Магдалена локтем ткнула в бок Рудольфо, все еще сидевшего с опущенной головой. Тогда незнакомец подал голос. Ему пришлось бороться с завываниями ветра, чтобы его могли расслышать:
— Я Примус, не пугайтесь!
Канатоходец порывисто вскочил, а Магдалена поднесла к мокрому от дождя лицу чужака факел.
— Я приношу свои извинения, — начал тот твердым голосом, — от своего имени и от имени остальных Незримых, обвинявших вас в нечистоплотных махинациях. Tacent libri suo loco.

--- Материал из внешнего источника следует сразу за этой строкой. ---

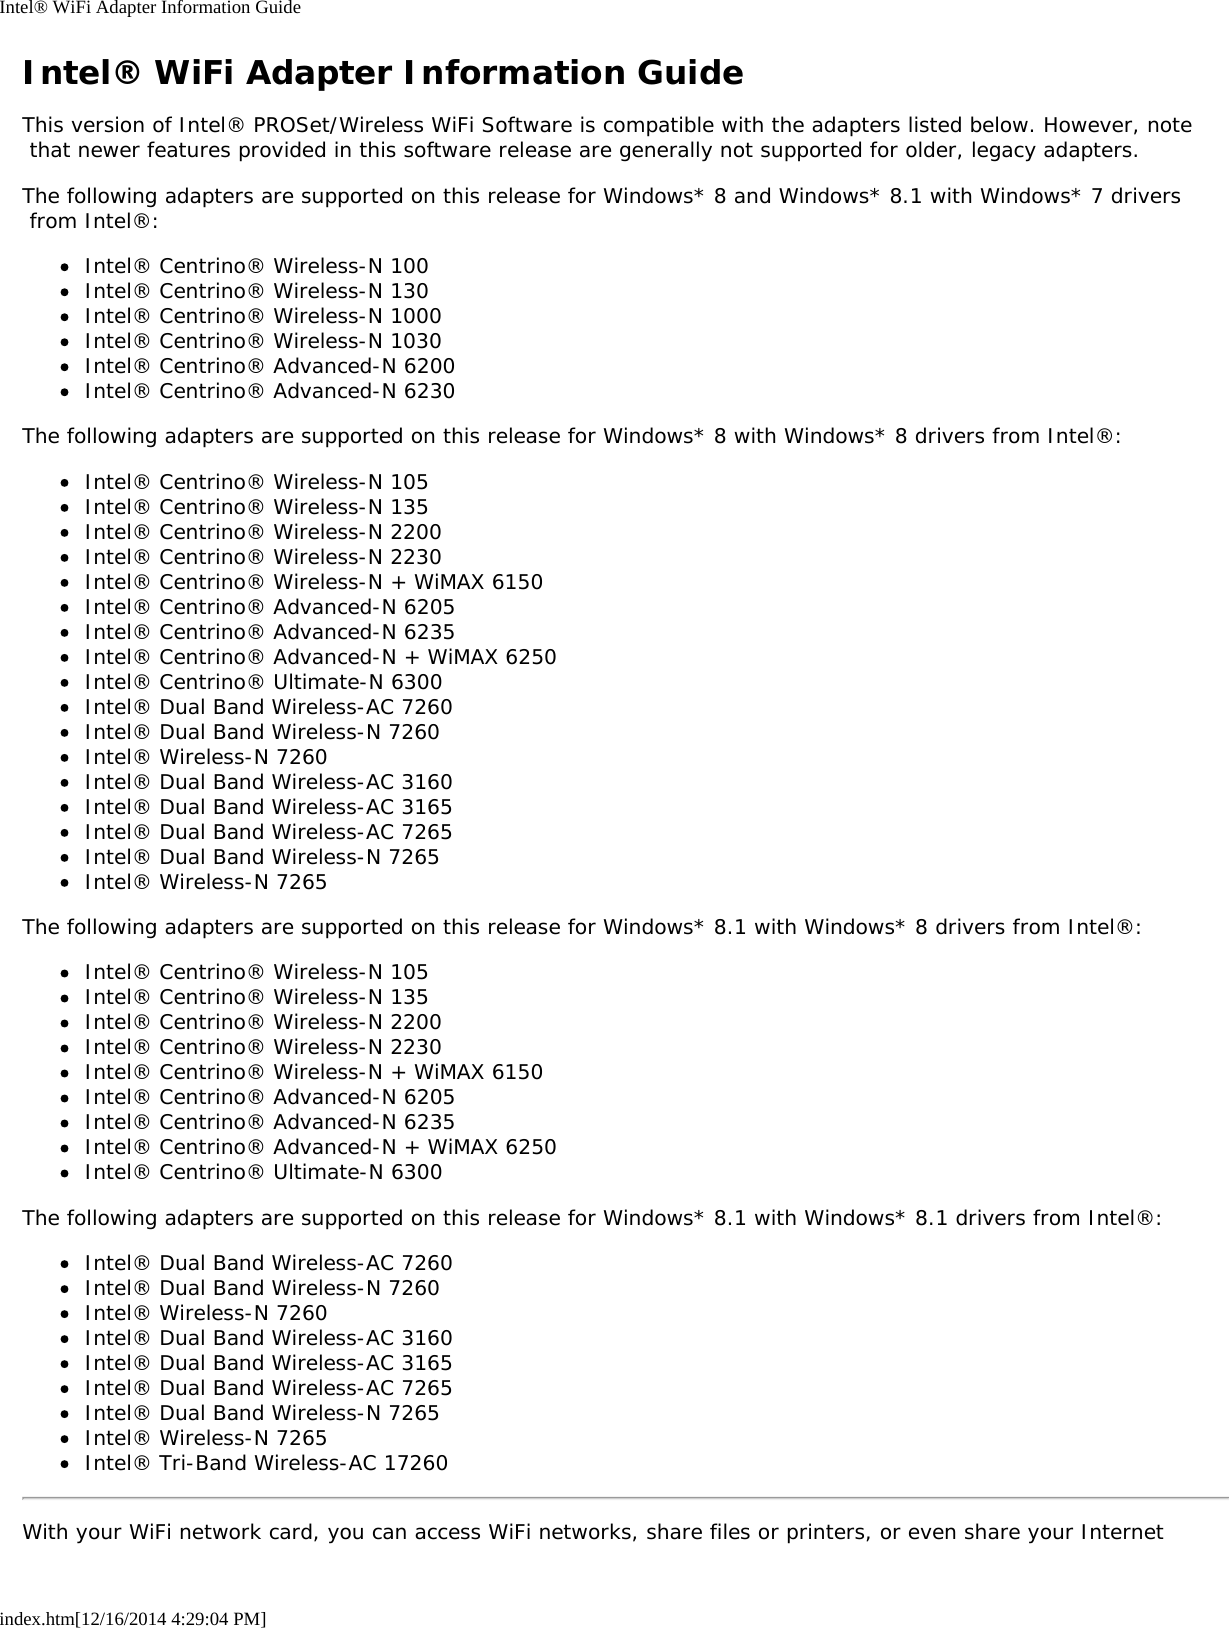 Intel® WiFi Adapter Information Guideindex.htm[12/16/2014 4:29:04 PM]Intel® WiFi Adapter Information GuideThis version of Intel® PROSet/Wireless WiFi Software is compatible with the adapters listed below. However, note that newer features provided in this software release are generally not supported for older, legacy adapters.The following adapters are supported on this release for Windows* 8 and Windows* 8.1 with Windows* 7 drivers from Intel®:Intel® Centrino® Wireless-N 100Intel® Centrino® Wireless-N 130Intel® Centrino® Wireless-N 1000Intel® Centrino® Wireless-N 1030Intel® Centrino® Advanced-N 6200Intel® Centrino® Advanced-N 6230The following adapters are supported on this release for Windows* 8 with Windows* 8 drivers from Intel®:Intel® Centrino® Wireless-N 105Intel® Centrino® Wireless-N 135Intel® Centrino® Wireless-N 2200Intel® Centrino® Wireless-N 2230Intel® Centrino® Wireless-N + WiMAX 6150Intel® Centrino® Advanced-N 6205Intel® Centrino® Advanced-N 6235Intel® Centrino® Advanced-N + WiMAX 6250Intel® Centrino® Ultimate-N 6300Intel® Dual Band Wireless-AC 7260Intel® Dual Band Wireless-N 7260Intel® Wireless-N 7260Intel® Dual Band Wireless-AC 3160Intel® Dual Band Wireless-AC 3165Intel® Dual Band Wireless-AC 7265Intel® Dual Band Wireless-N 7265Intel® Wireless-N 7265The following adapters are supported on this release for Windows* 8.1 with Windows* 8 drivers from Intel®:Intel® Centrino® Wireless-N 105Intel® Centrino® Wireless-N 135Intel® Centrino® Wireless-N 2200Intel® Centrino® Wireless-N 2230Intel® Centrino® Wireless-N + WiMAX 6150Intel® Centrino® Advanced-N 6205Intel® Centrino® Advanced-N 6235Intel® Centrino® Advanced-N + WiMAX 6250Intel® Centrino® Ultimate-N 6300The following adapters are supported on this release for Windows* 8.1 with Windows* 8.1 drivers from Intel®:Intel® Dual Band Wireless-AC 7260Intel® Dual Band Wireless-N 7260Intel® Wireless-N 7260Intel® Dual Band Wireless-AC 3160Intel® Dual Band Wireless-AC 3165Intel® Dual Band Wireless-AC 7265Intel® Dual Band Wireless-N 7265Intel® Wireless-N 7265Intel® Tri-Band Wireless-AC 17260With your WiFi network card, you can access WiFi networks, share files or printers, or even share your Internet

Магдалена вопросительно посмотрела на Рудольфо. Хотя ее познаний в латыни было достаточно, чтобы понять слова незнакомца, для нее осталось загадкой, что он имел в виду. Канатоходец отвел глаза. Когда она снова обернулась к странному человеку, того уже не было.
Глава 12
Наутро канат вяло свисал с башни собора, и возничие собирались натянуть новый, сухой. За ночь весть о безрассудном представлении канатоходца и о том, что он готов повторять свое выступление еще в течение двух дней, разлетелась по городу с быстротой молнии.

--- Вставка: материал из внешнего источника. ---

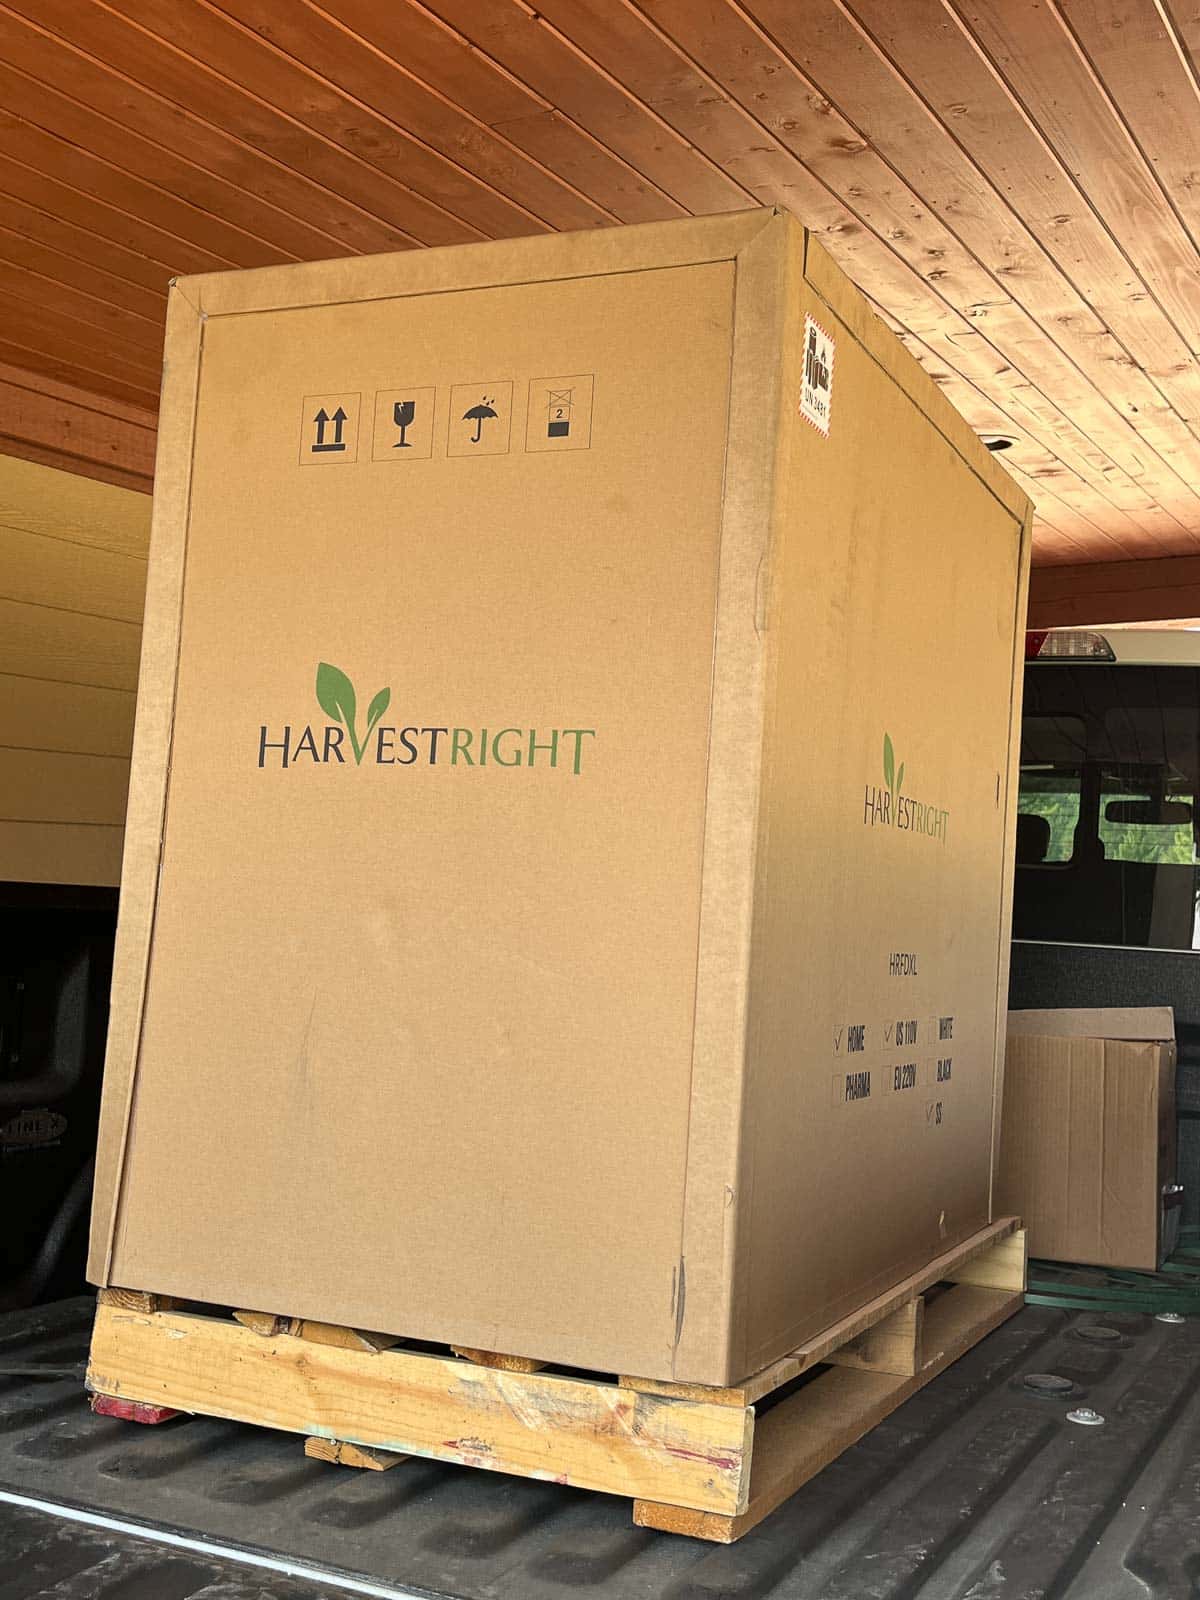 harvest right freeze dryer in a box on a pallet

Бездельники, никчемные люди и стайка красоток, которых в Майнце, как и в любом другом городе, не было недостатка, уже вскоре после восхода солнца во всю глотку препирались в борьбе за лучшие места перед собором. С той же быстротой, с какой она пронеслась над городом, буря переместилась за холмы горного массива Хунсрюк, оставив после себя желанную прохладу.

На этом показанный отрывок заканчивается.